Task prompt: Please write out the listing exactly, leaving each picture out.

Supplied data:
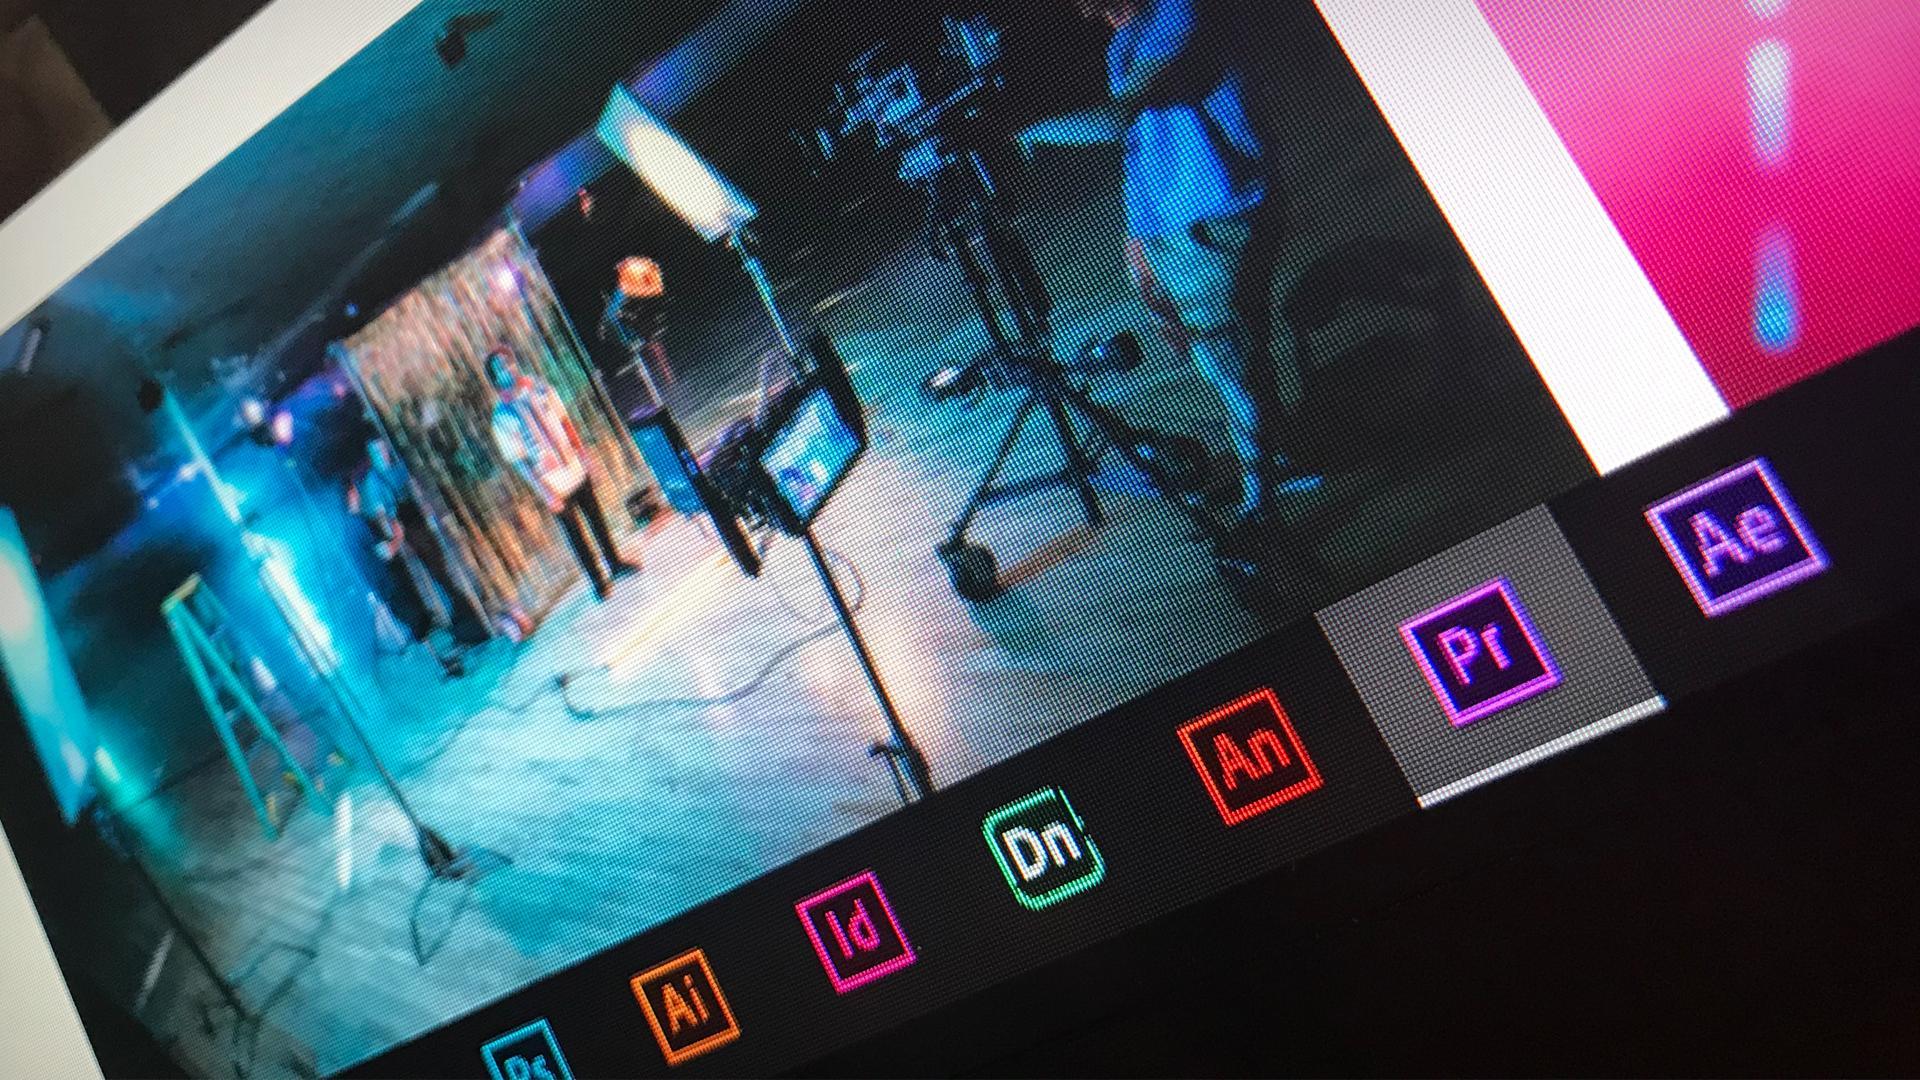 ccll-group-digital-video-editing-v1.jpg
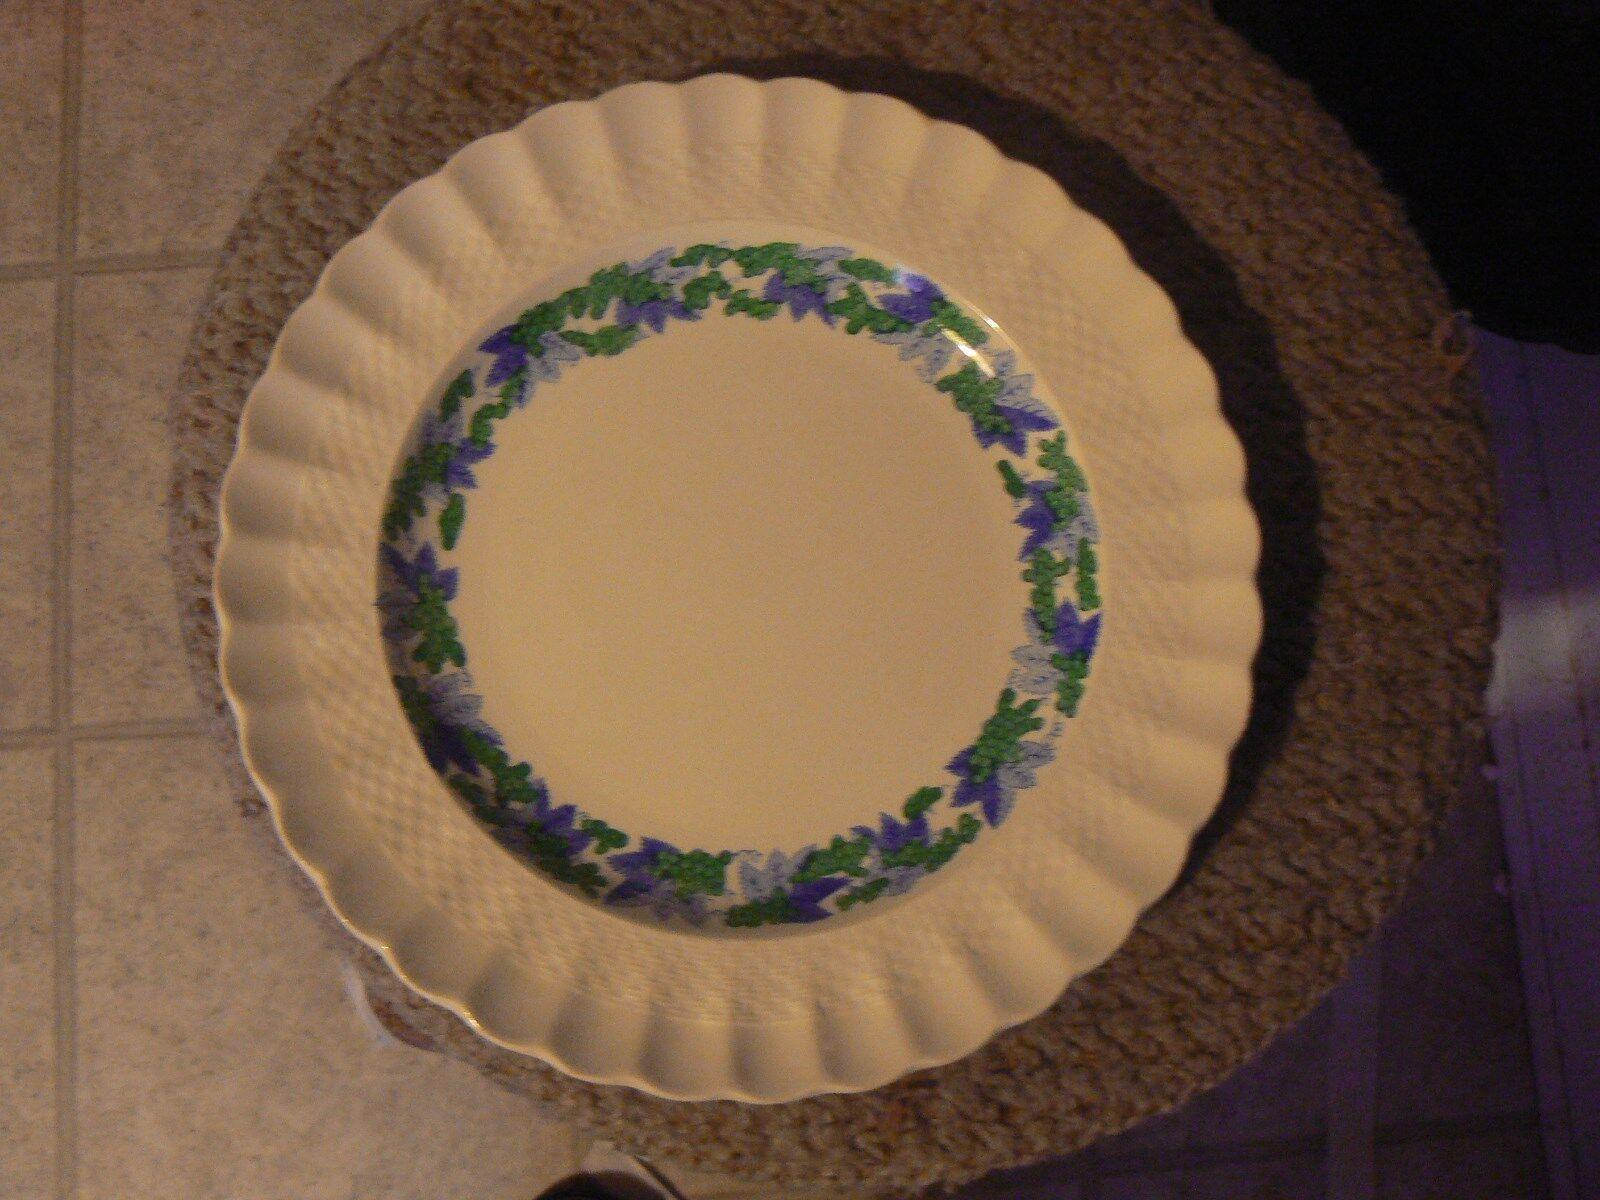 Copeland Valencia S1248 dinner plate 7 available
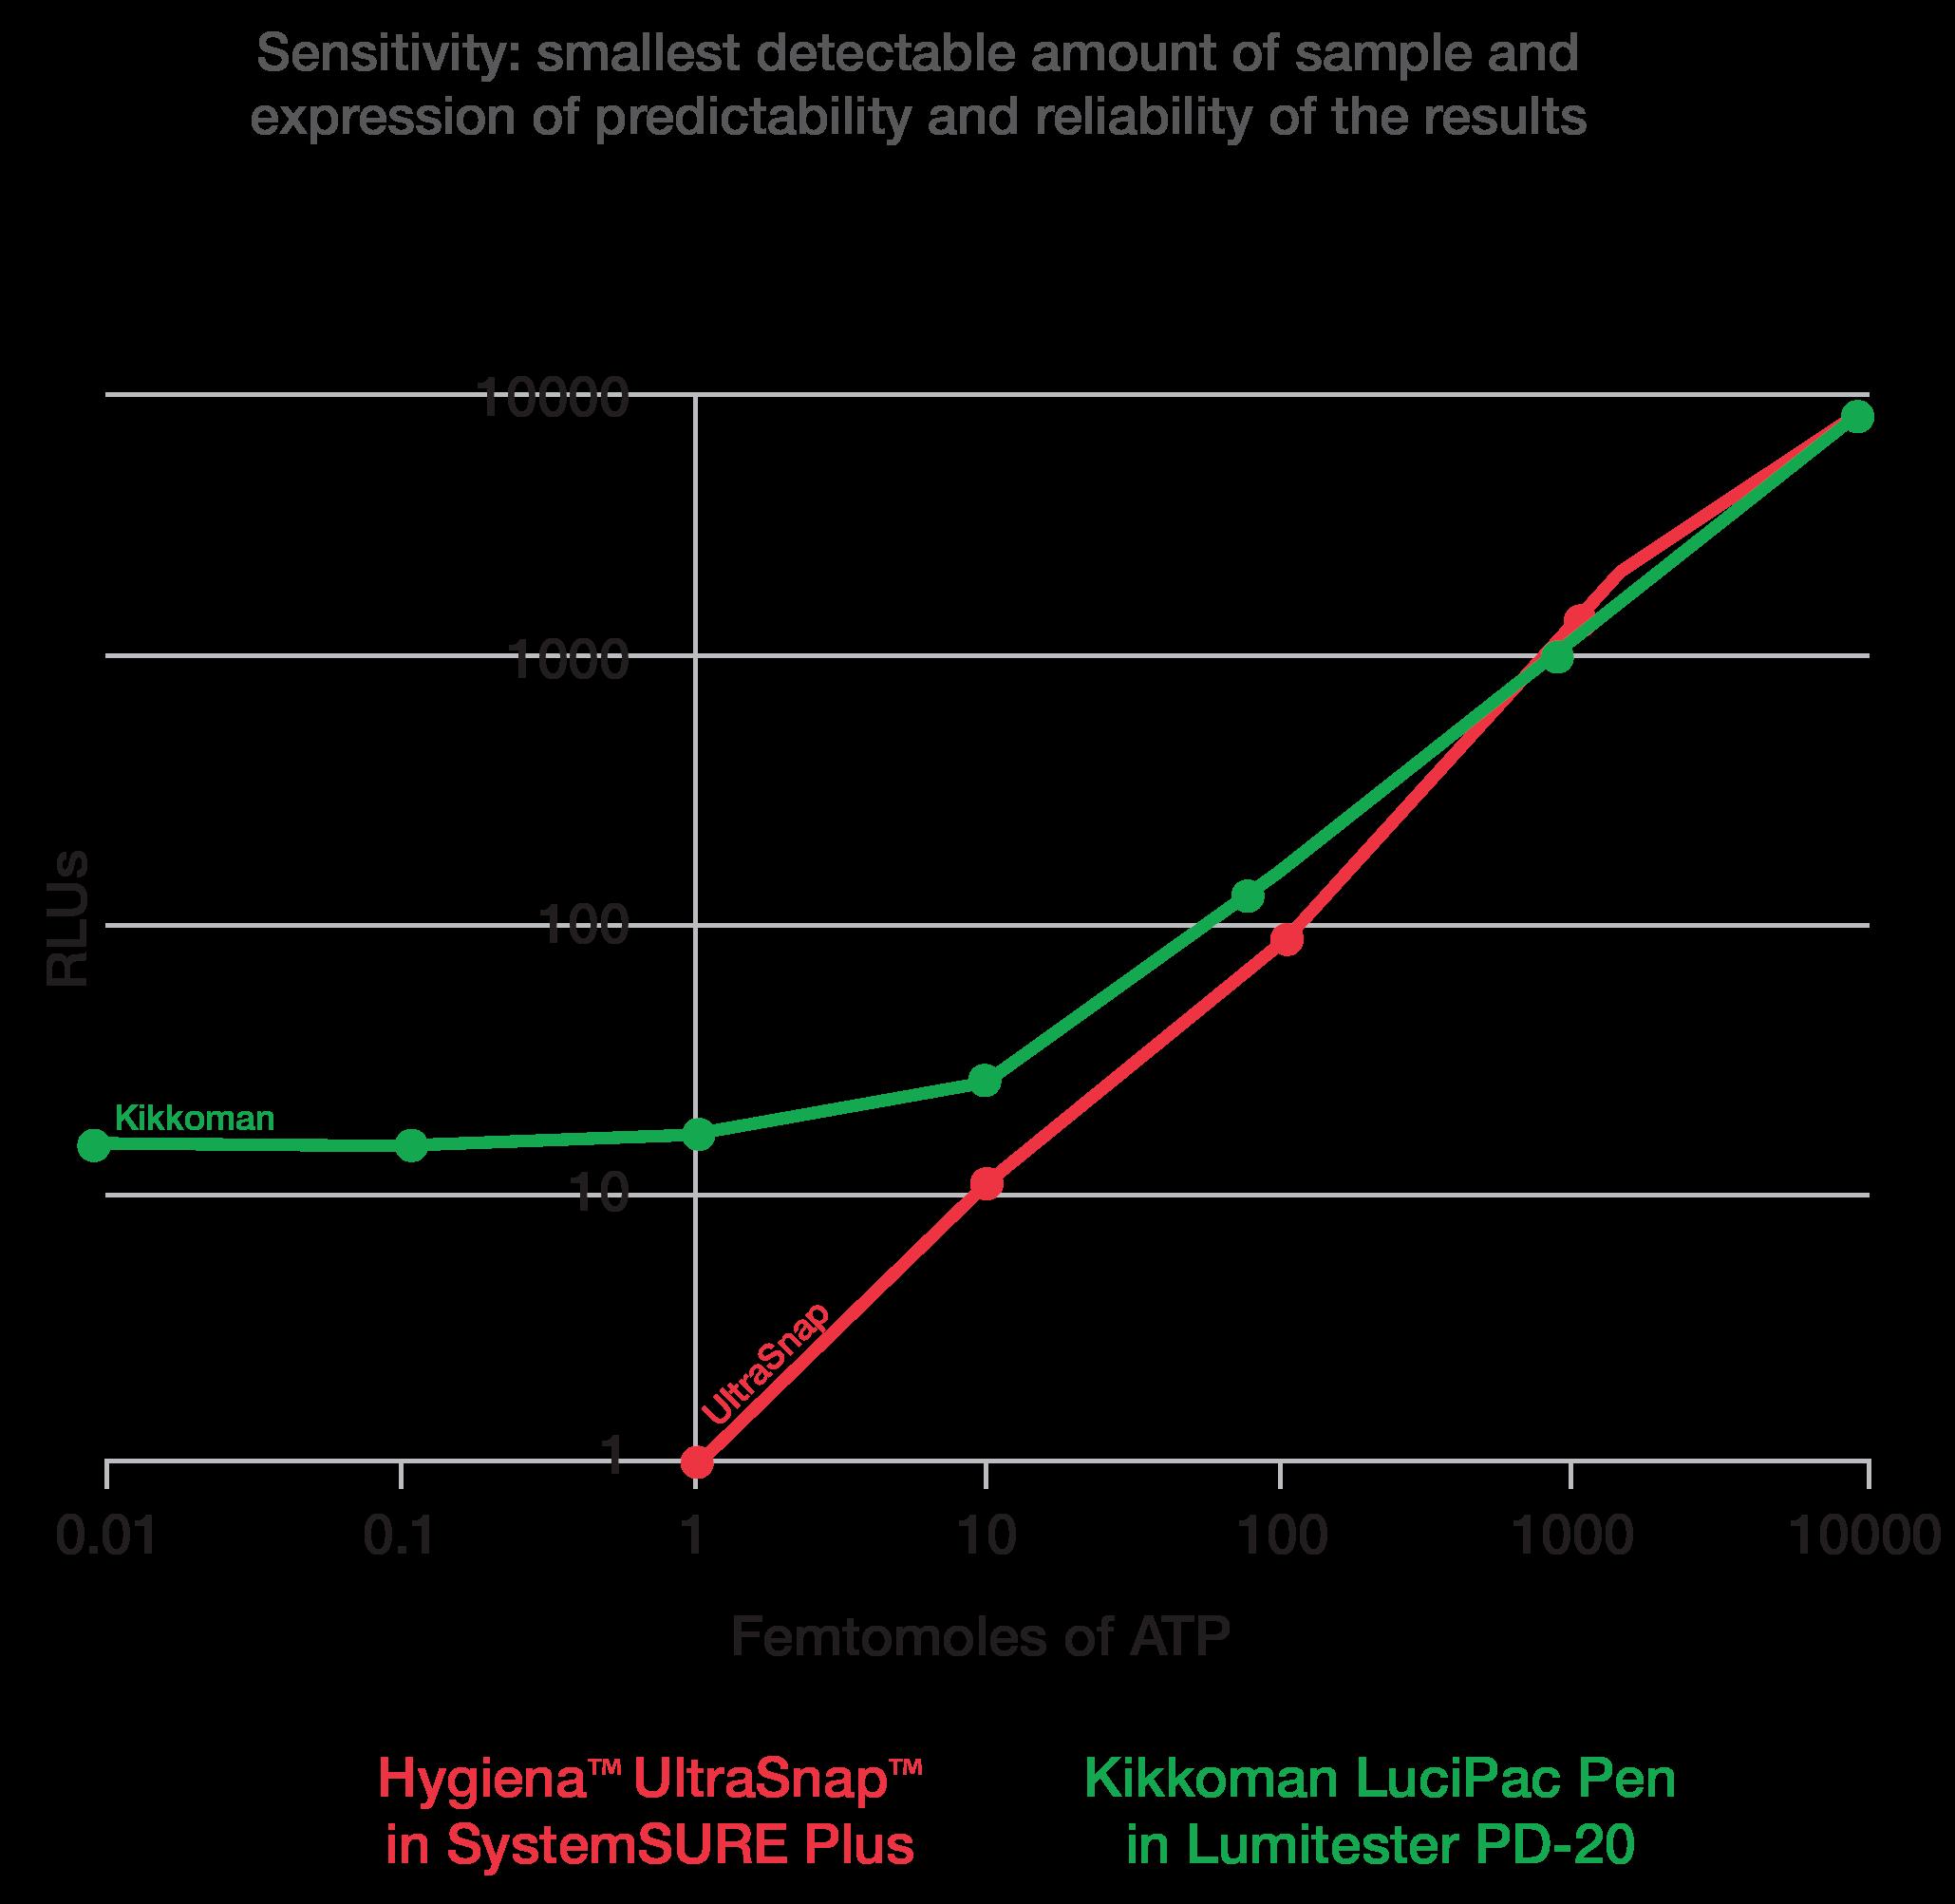 Compare Kikkoman Hygiena accuracy

Solution below:
 ccll-group-digital-video-editing-v1.jpg
 Copeland Valencia S1248 dinner plate 7 available
 Compare Kikkoman Hygiena accuracy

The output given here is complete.